This information acknowledges the complex world of digital media in which we live, and attempts to address issues emerging as a result, primarily concerning boundaries.
My media activities:
I maintain a relatively low social media presence with professional listings on Facebook and LinkedIn.
Keeping Boundaries:
The nature of an online presence can blur interpersonal boundaries, so in service of being as clear as possible I keep clinical work boundaries within our session time.
Data Protection:
GDPR compliance is essential to maintain the confidentiality and security of our work. My data protection policy appears on my website and makes up part of my working agreement. Here’s the page if you wish to review https://claremyatt.co.uk/privacy-policy/
Email:
I am not currently using an e-mail encryption programme, so any emails we send to each other may be vulnerable to viruses or human error. For this reason, it is best to be thoughtful about what you include in emails to me, preferably relying on email for non-confidential communications like setting up appointment times.
If you choose to communicate with me by email, be aware that all emails are retained in the logs of Internet Service Providers. Furthermore, they can be vulnerable to viruses and unintended forwarding or replication. If you are concerned about the confidentiality of your emails, you may wish to contact me by telephone instead.
I check emails only at fixed times during office hours and avoid checking them on weekends and holidays. I endeavour to respond to all emails within 24-48 hours upon opening them. If I am away for an extended period, you will receive an automated response. Emails should never be used in the event of an emergency, in which case you should contact emergency services.
E-invoicing:
I use an online software application to process invoices that are then sent out to your chosen e-mail address. If you would prefer not to receive these invoices by email, please let me know and we will agree on another method.
Text messages:
You may feel free to contact me by text message to alert me if you are running late for a session or for similar reasons. However, because of the lack of context of text messages, it is generally not the best method for communicating with me about more important matters, so please do phone and leave me a message.

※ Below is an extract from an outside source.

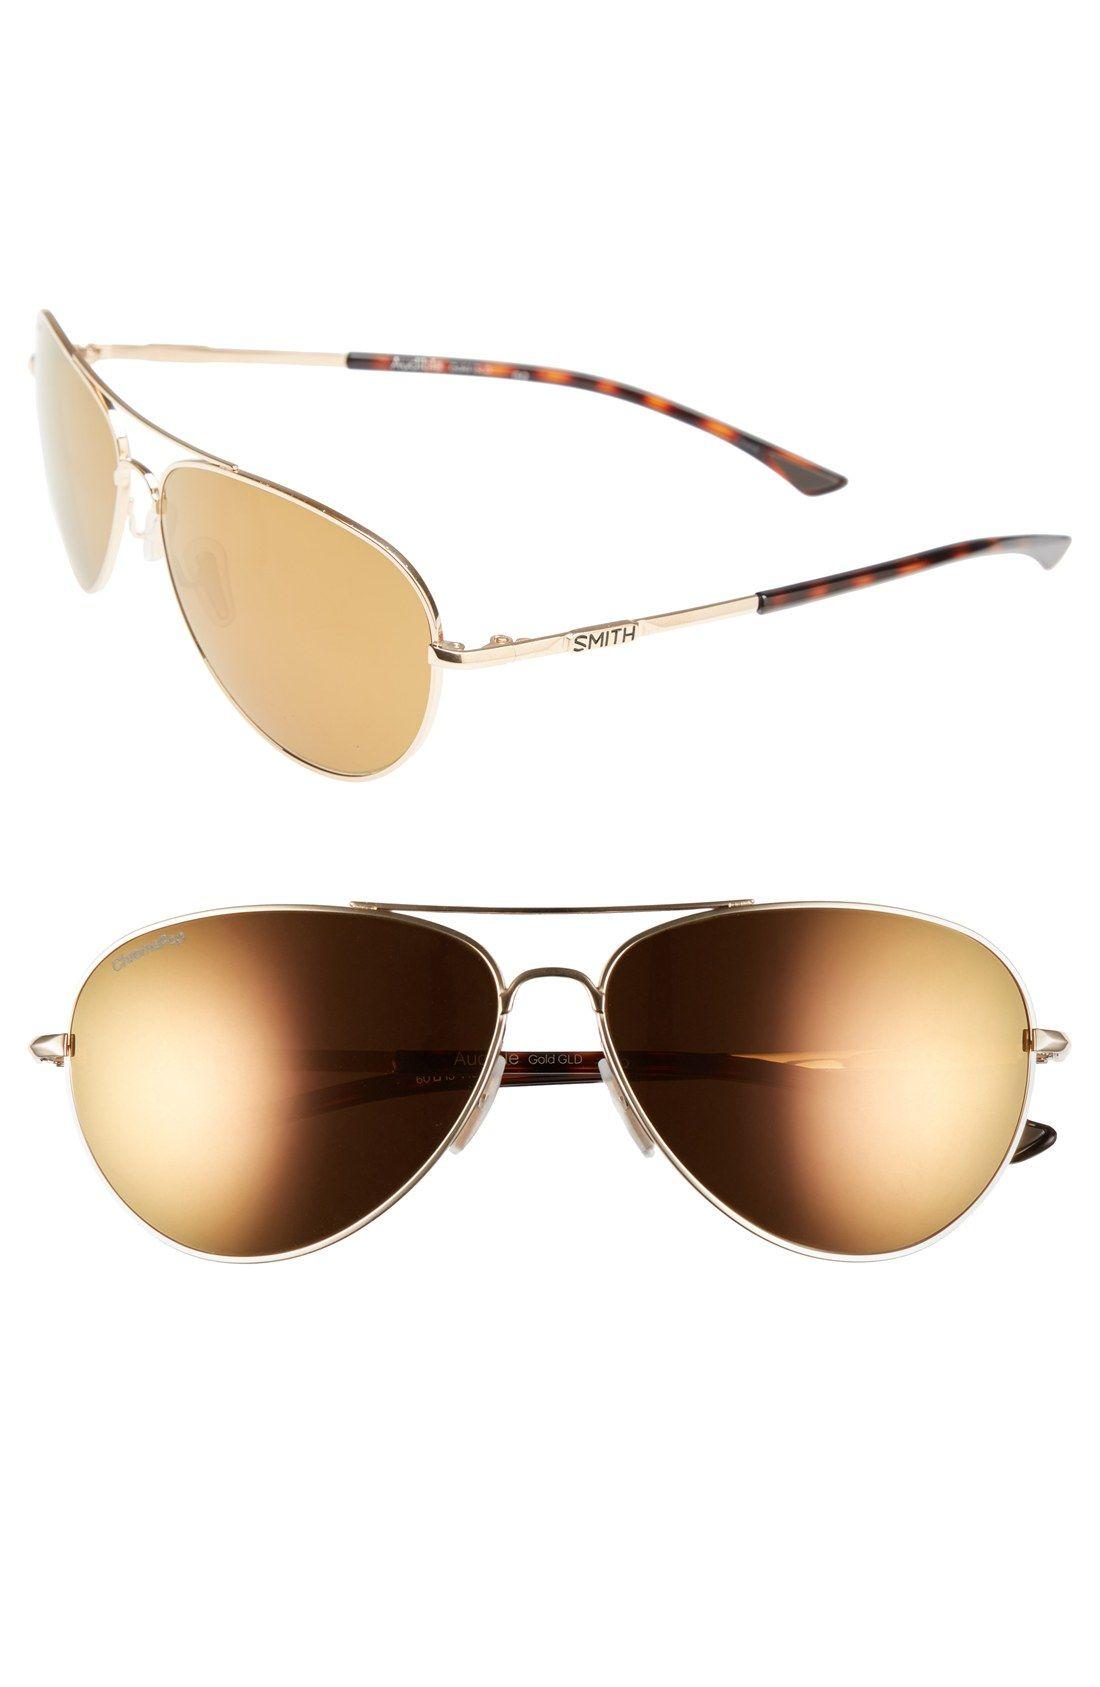 decfcf3f01 Smith Optics  Audible - ChromaPop  60mm Polarized Aviator Sunglasses ...
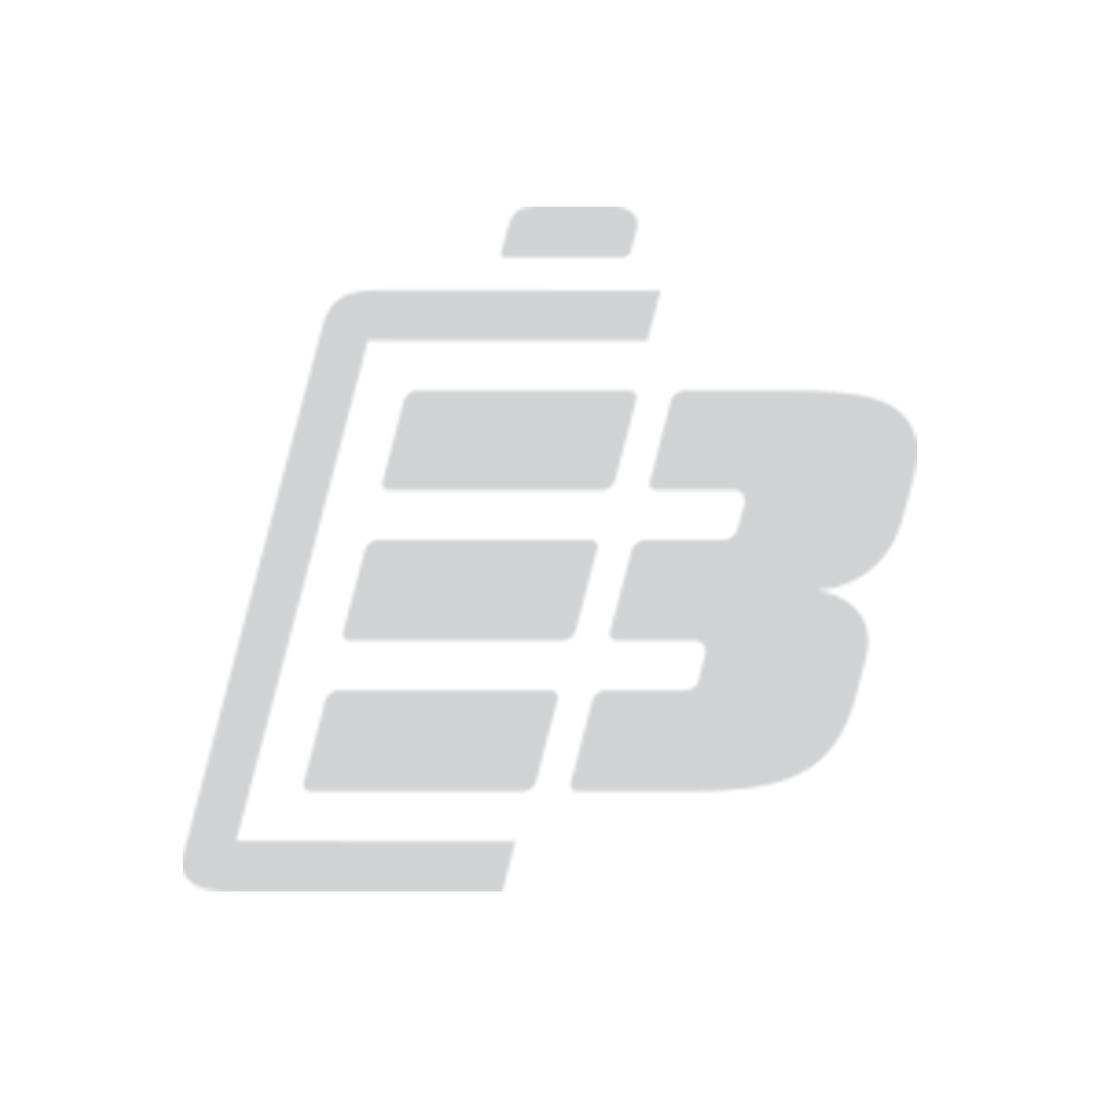 Efan C2 2-bay USB Charger

As a private practitioner I am unable to offer an emergency service, even by phone. Should you experience an emergency please contact either the emergency services or if you are feeling suicidal, ring The Samaritans: 116 123. If you feel that this may be an issue, please discuss it with me.
Telephone and webcam:
There may be times when we have a session by telephone or video conferencing and I use the platform Zoom which provides an adequate level of security (while Skype does not). When engaging via video conferencing, we both agree not to record sessions. It is also crucial that you’re sure your environment is safe, secure, and private. It’s also helpful to consider the time
leading up to and after our meeting – I suggest allowing yourself the kind of mental preparation/processing time you’re accustomed to when meeting in person.
Social Media:
I maintain limited web-based public presence, primarily to share interesting resources. I would prefer that our relationship remain as much as possible between us when connected, therefore I will not knowingly engage with you over social media. I, like many others, maintain a private Facebook account for personal reasons, and a Linked- In account for professional ones. I aim to keep my Faceboook as private as possible and it would not be appropriate to be Facebook “friends” with you. I acknowledge that there can be some overlap across social networks, and that this sometimes comes to light on
Facebook. If this were the case, it would be something we would need to discuss in session.
Linked-In offers different professional opportunities, so if you wish, we may be connected there as anyone viewing our profiles would not thereby know we are connected in a therapeutic or coaching relationship.